• [WORK ITEM] In the material below, the lines between the one holding "Sergeant therapeutically paints" and the one holding "Meeting Agenda San", inclusive, are to be set down word for word. Pictures stay out.

• [GIVEN DATA]
☆ ☆ ☆ ☆
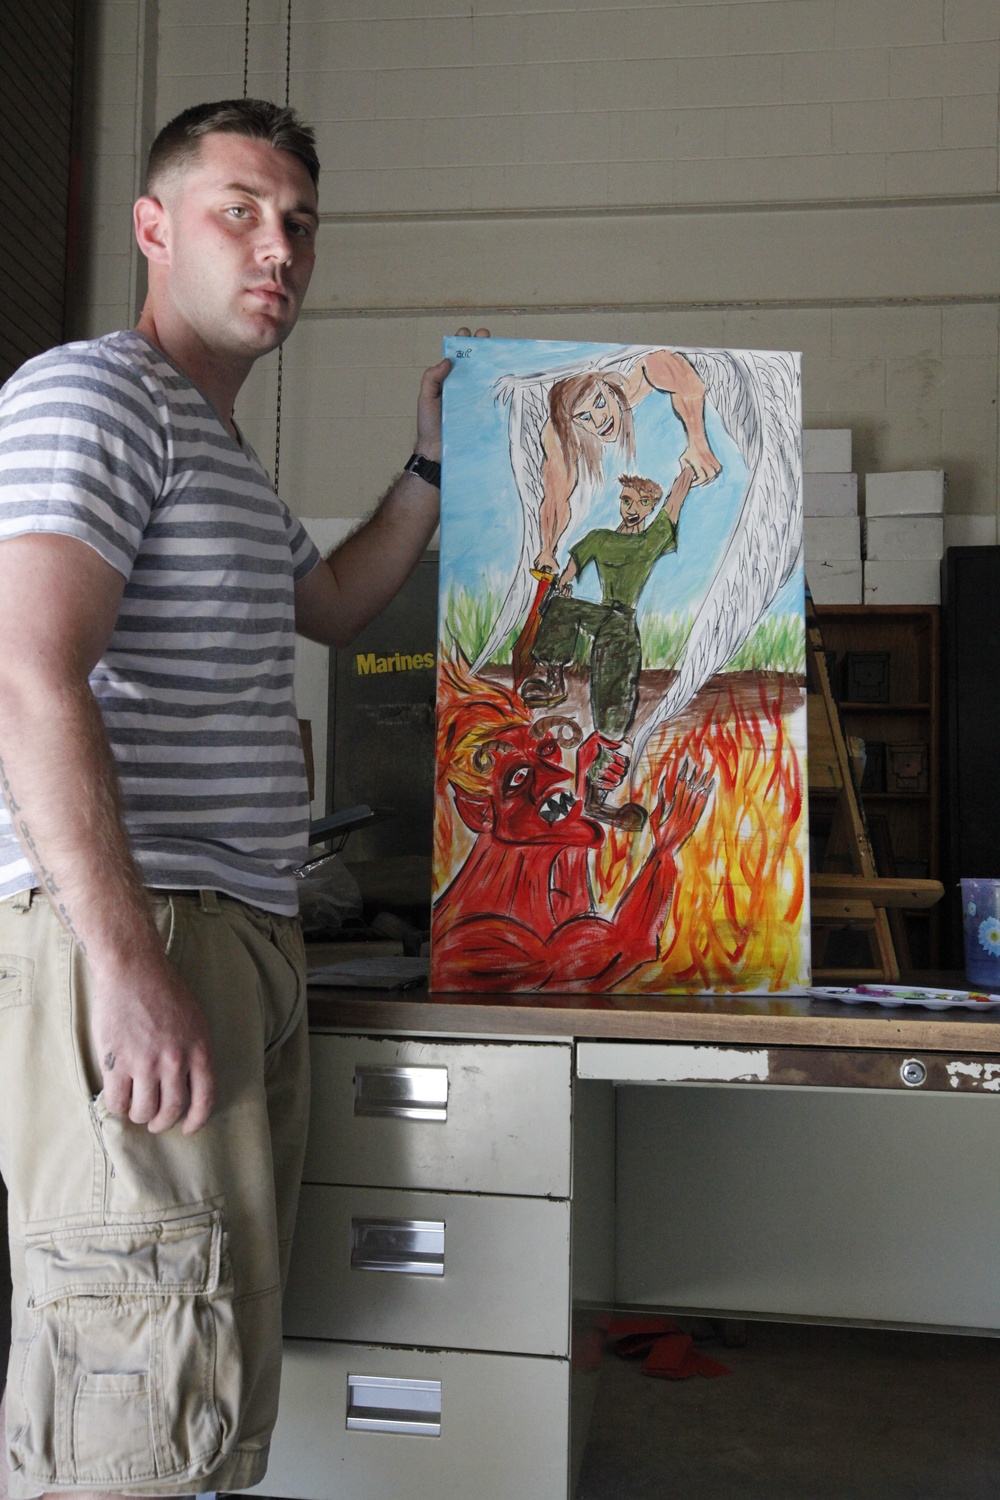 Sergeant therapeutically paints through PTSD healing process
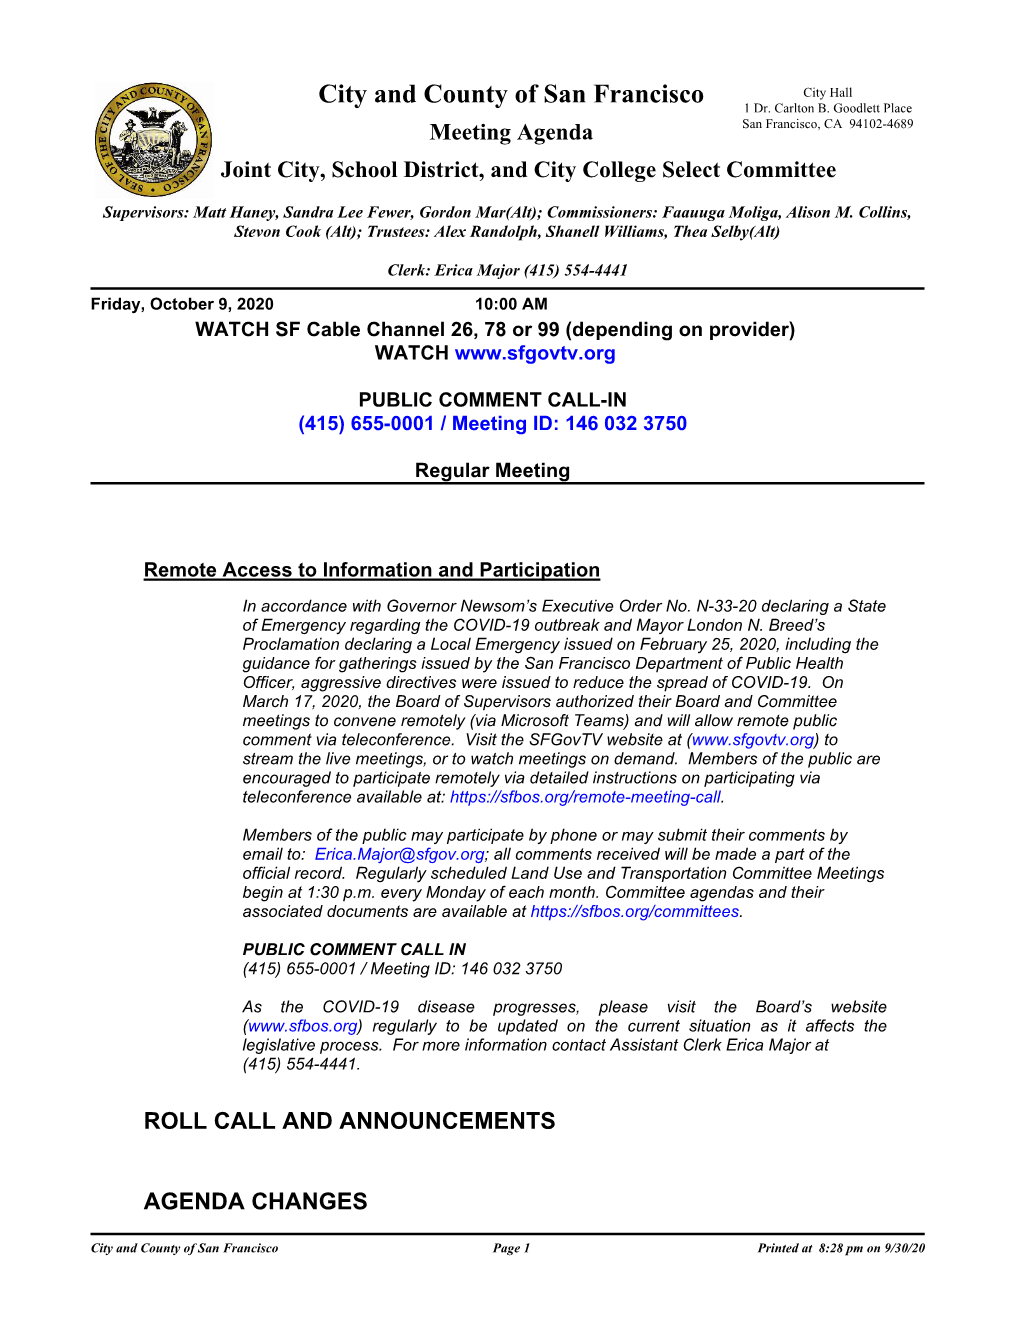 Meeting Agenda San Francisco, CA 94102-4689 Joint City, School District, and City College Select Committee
☆ ☆ ☆ ☆
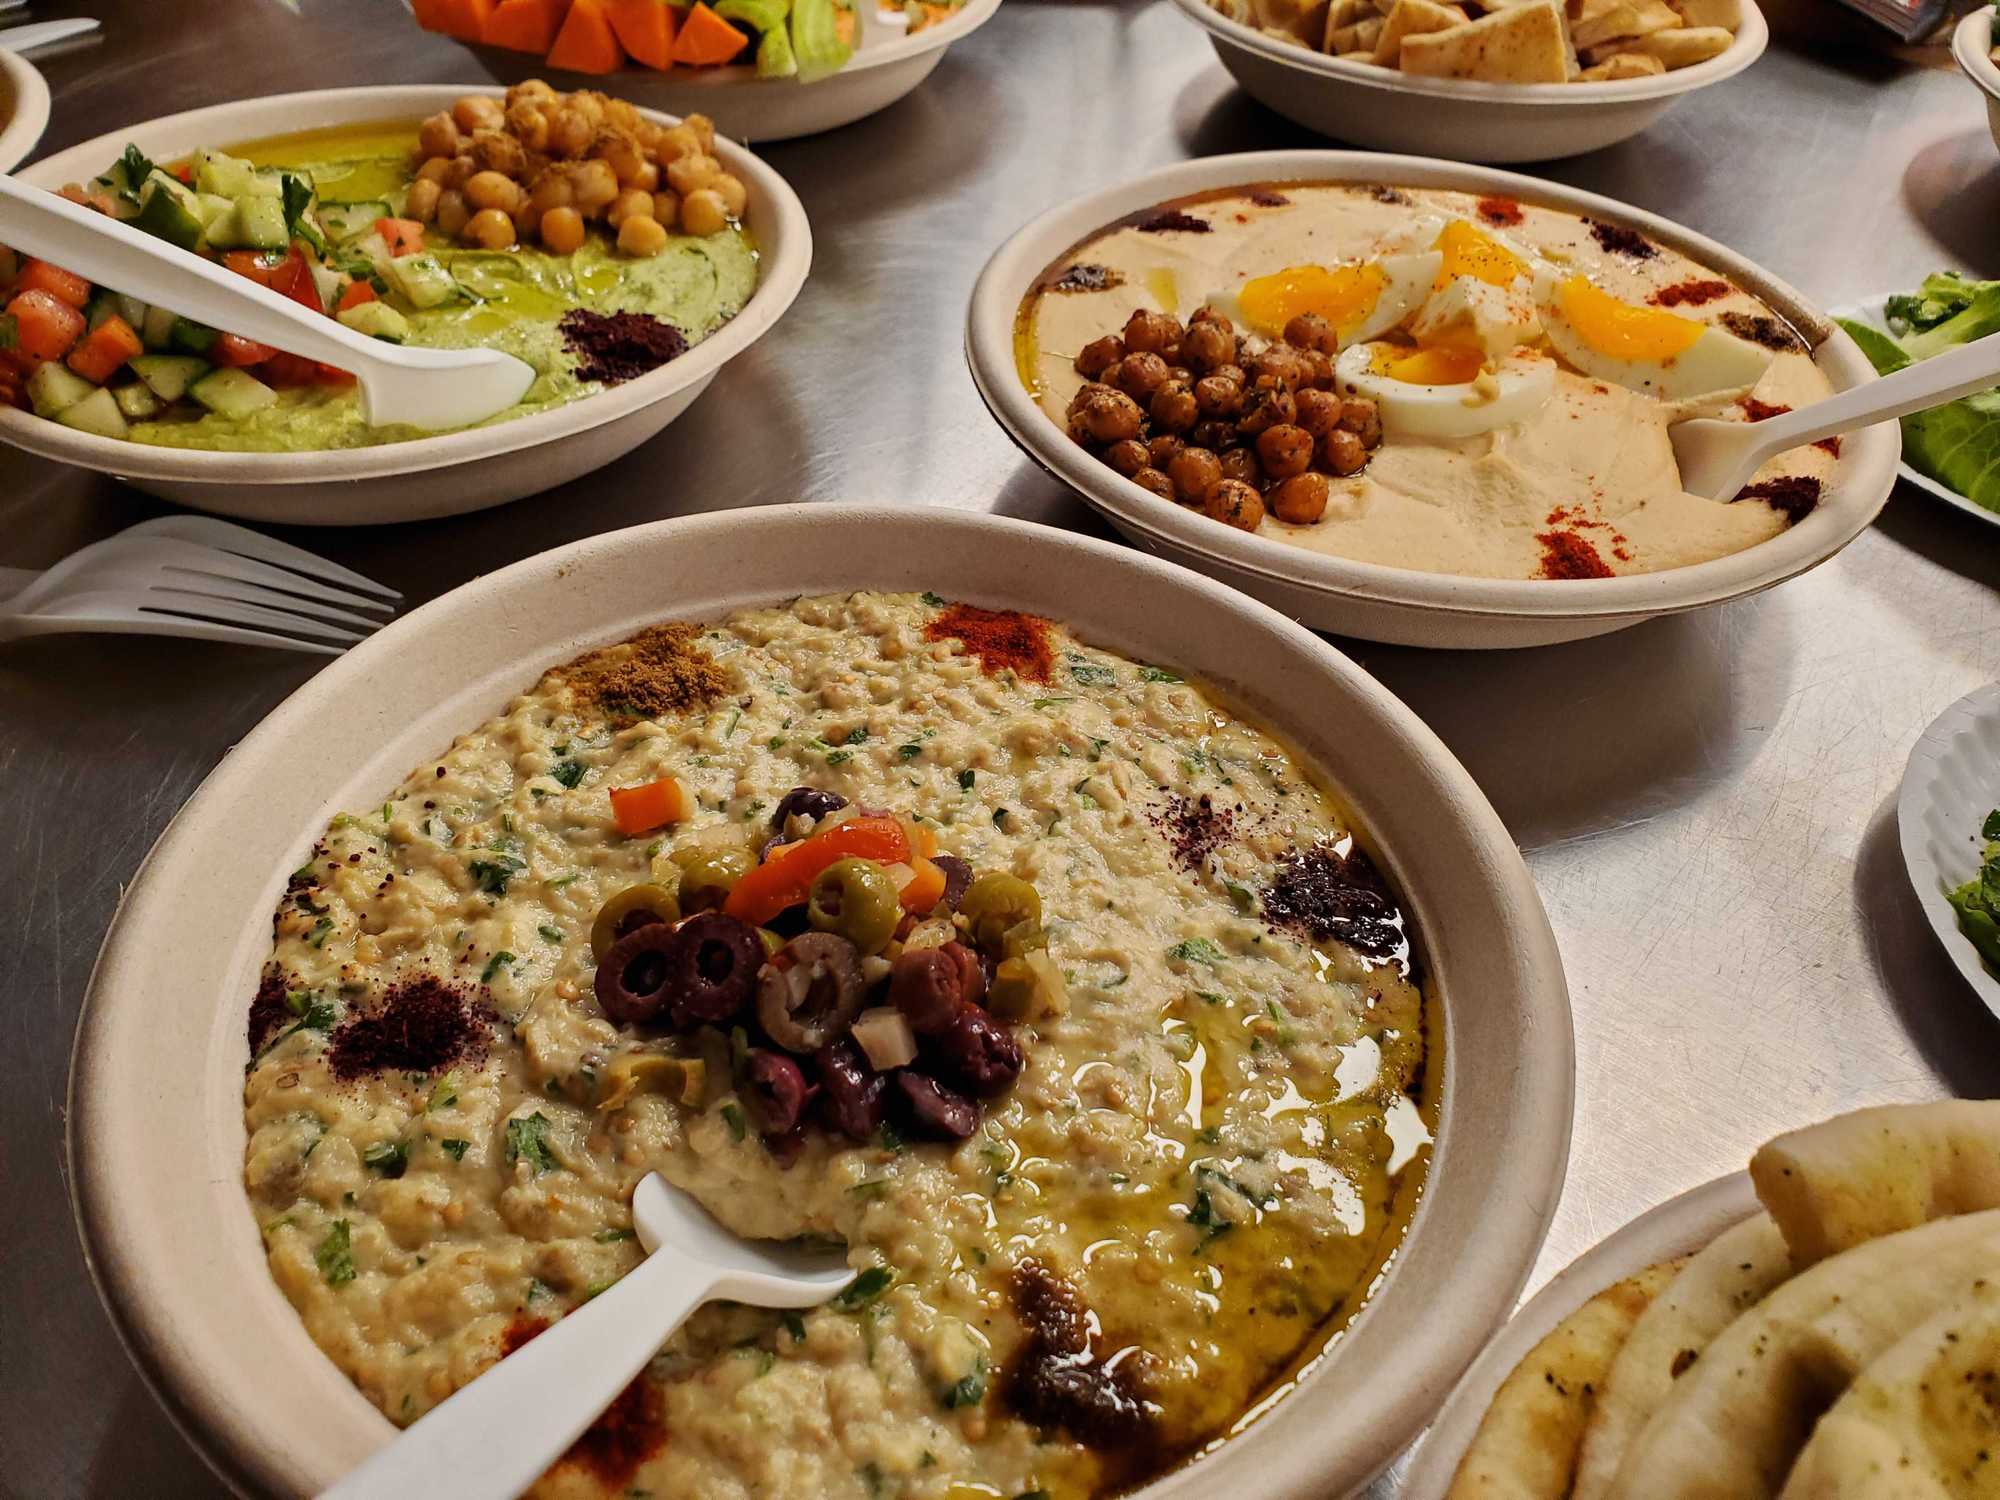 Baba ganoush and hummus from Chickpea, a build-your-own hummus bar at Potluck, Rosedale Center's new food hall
☆ ☆ ☆ ☆
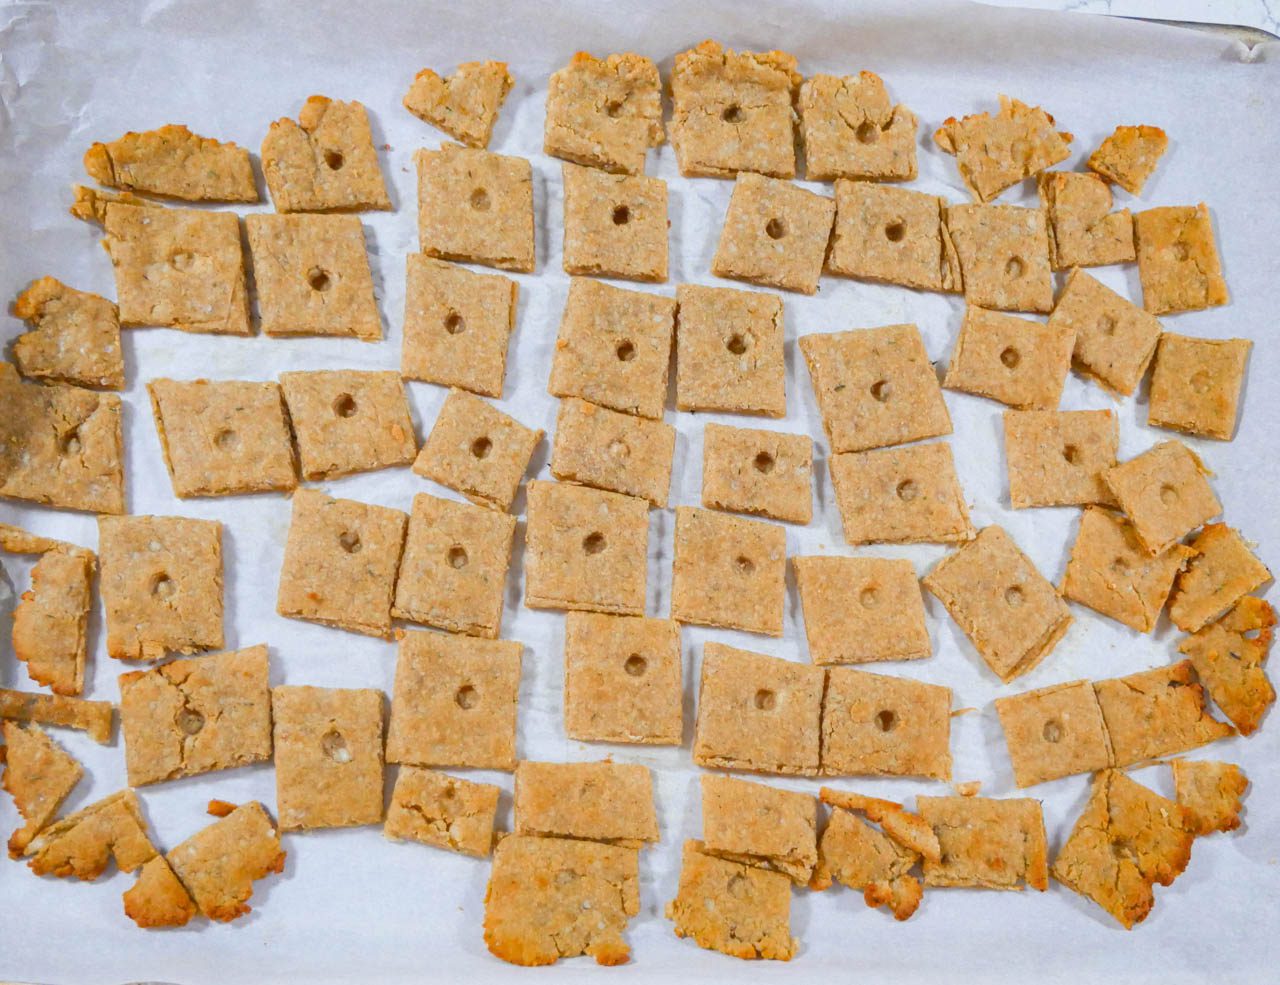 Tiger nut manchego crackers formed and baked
☆ ☆ ☆ ☆
• [ANSWER BOX]
 Sergeant therapeutically paints through PTSD healing process
 Meeting Agenda San Francisco, CA 94102-4689 Joint City, School District, and City College Select Committee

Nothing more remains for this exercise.